<h1>Table of Contents<span class="tocSkip"></span></h1>
<div class="toc"><ul class="toc-item"><li><span><a href="#Import-Libraries" data-toc-modified-id="Import-Libraries-1"><span class="toc-item-num">1&nbsp;&nbsp;</span>Import Libraries</a></span></li><li><span><a href="#Load-Data" data-toc-modified-id="Load-Data-2"><span class="toc-item-num">2&nbsp;&nbsp;</span>Load Data</a></span></li><li><span><a href="#EDA-and-Processing" data-toc-modified-id="EDA-and-Processing-3"><span class="toc-item-num">3&nbsp;&nbsp;</span>EDA and Processing</a></span></li><li><span><a href="#Double-CNN" data-toc-modified-id="Double-CNN-4"><span class="toc-item-num">4&nbsp;&nbsp;</span>Double CNN</a></span></li><li><span><a href="#Triple-CNN" data-toc-modified-id="Triple-CNN-5"><span class="toc-item-num">5&nbsp;&nbsp;</span>Triple CNN</a></span></li><li><span><a href="#Additional-mnist-data" data-toc-modified-id="Additional-mnist-data-6"><span class="toc-item-num">6&nbsp;&nbsp;</span>Additional mnist data</a></span></li><li><span><a href="#Submission" data-toc-modified-id="Submission-7"><span class="toc-item-num">7&nbsp;&nbsp;</span>Submission</a></span></li></ul></div>

* Hello guys, in this notebook I have specifically used 3 approaches to show Digit Recognition on MNIST dataset.

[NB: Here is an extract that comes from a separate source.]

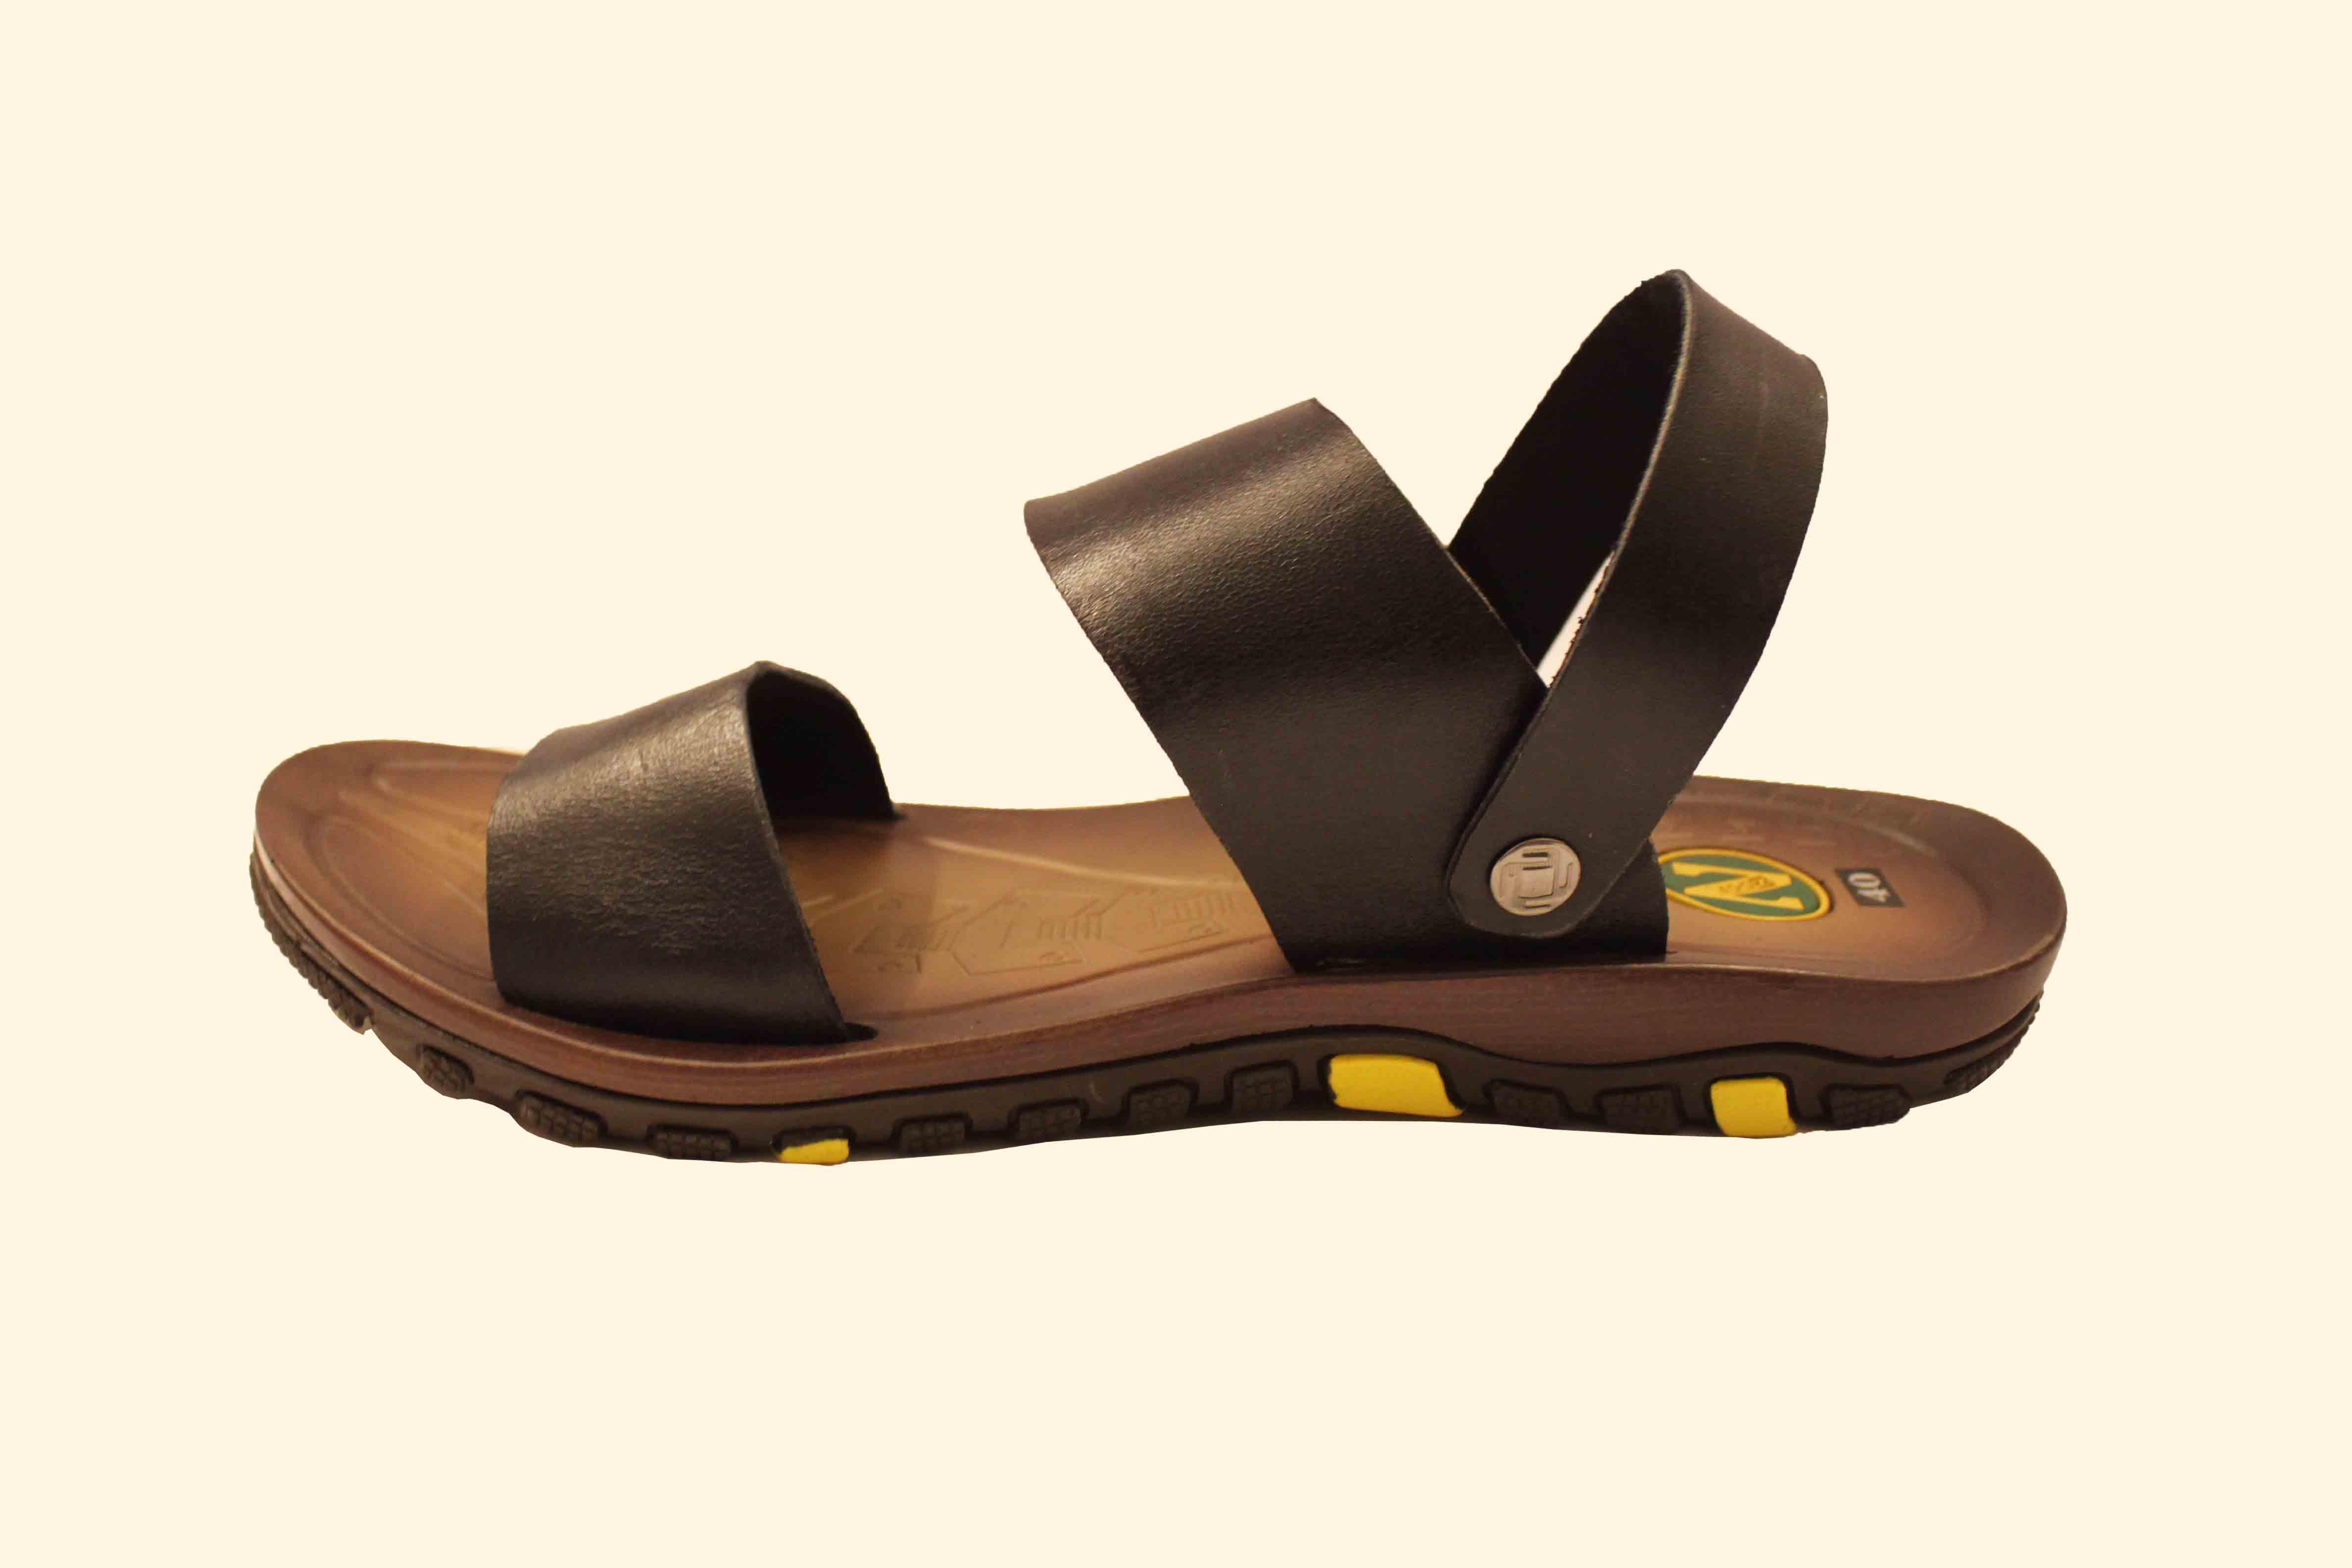 sandal nam da that

* The MNIST database (Modified National Institute of Standards and Technology database) is a large database of handwritten digits that is commonly used for training various image processing systems. The database is also widely used for training and testing in the field of machine learning. The MNIST database contains 60,000 training images and 10,000 testing images. Half of the training set and half of the test set were taken from NIST's training dataset, while the other half of the training set and the other half of the test set were taken from NIST's testing dataset.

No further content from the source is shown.